In a recent class I was teaching on music entrepreneurship, during an idea/feedback section of the class, I became mystified at many students’ inability to express in words the importance of music. Their ideas were wonderful: full of social impact, caring and dedication, but their ability to communicate effectively about the “why” of them was severely limited.
I concede that this is no easy task. Those to whom we speak come from varied backgrounds, and while one set of well-constructed remarks may touch one segment of the group, it may also leave another blank. And some of the magic of effective communication is reading one’s audience and tailoring the core message to it.
However, in thinking about how to teach the language of advocacy I came across a piece of work I did around 10 years ago on the intrinsic value of music. I had been asked to share the podium at an American Symphony Orchestra League conference with Mike Huckabee, the then just-retired governor of Arkansas. Mike was asked to speak about his advocacy for music education in Arkansas during his governorship. I was asked to speak generally about the value of music.
In preparation for this task I conducted a type of meta-analysis, amassing material form as many sources as I could find. What I found sifted the “arguments” for the value of music into roughly 6 domains. I decided that these domains were portals, or doorways through which one could choose to enter into the value of music. As preparation for my upcoming task of teaching music advocacy, I thought I should revisit these portals and see how they might set the table.
The first of these portals is the celebrations and rituals portal.

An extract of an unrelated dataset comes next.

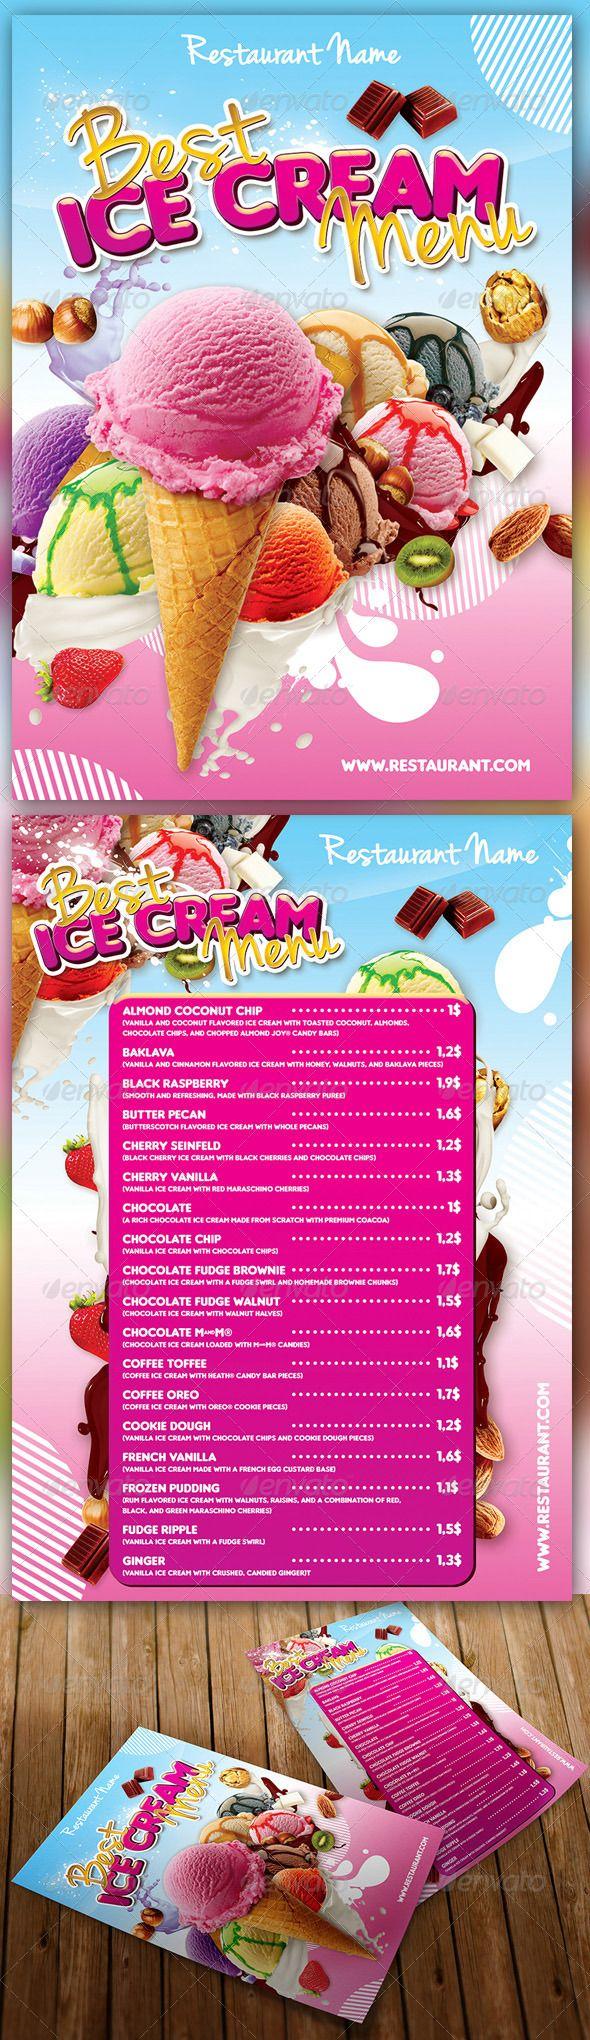 Ice Cream Menu | Ice cream menu, Food menu and Print templates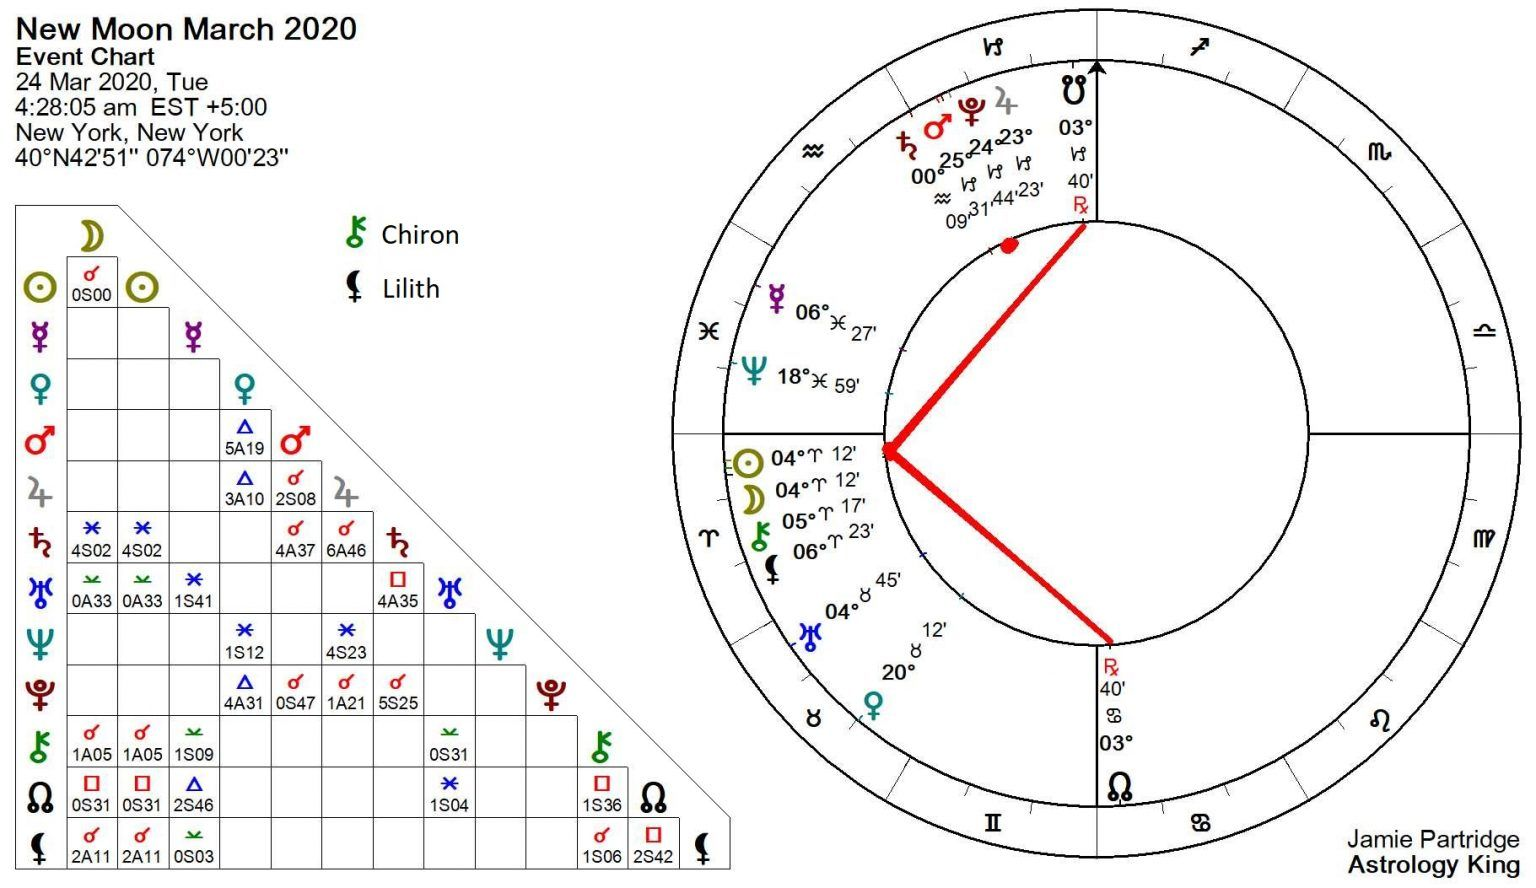 New Moon March 2020 Wounding Healing Horoscope Astrology

Most people need to be reminded that weddings, funerals, national holidays, sporting events, etc. rely on music for emotional impact.
The second of these portals is the cultural history and legacy portal, that music provides a window to one’s own culture, and to those of others, and as such evokes personal understanding, empathy and has the potential to build social bonds.
The third portal is related to the two above, but differs in my opinion. It is the voice of the community portal. Here music has the power to express the sense, vision or response of a community (state, nation) to an event or movement, and as such moves the community to a more in-depth understanding and leads to stronger social bonds.
The fourth portal I call the innovation and creativity portal that in perceiving new or new-to-the-listener organized sounds, one’s sense of creativity is stimulated, one’s openness to innovation, one’s imagination is enhanced. This portal speaks to Richard Florida’s thinking, but also acknowledges the ability of music to evoke physic-psychological action.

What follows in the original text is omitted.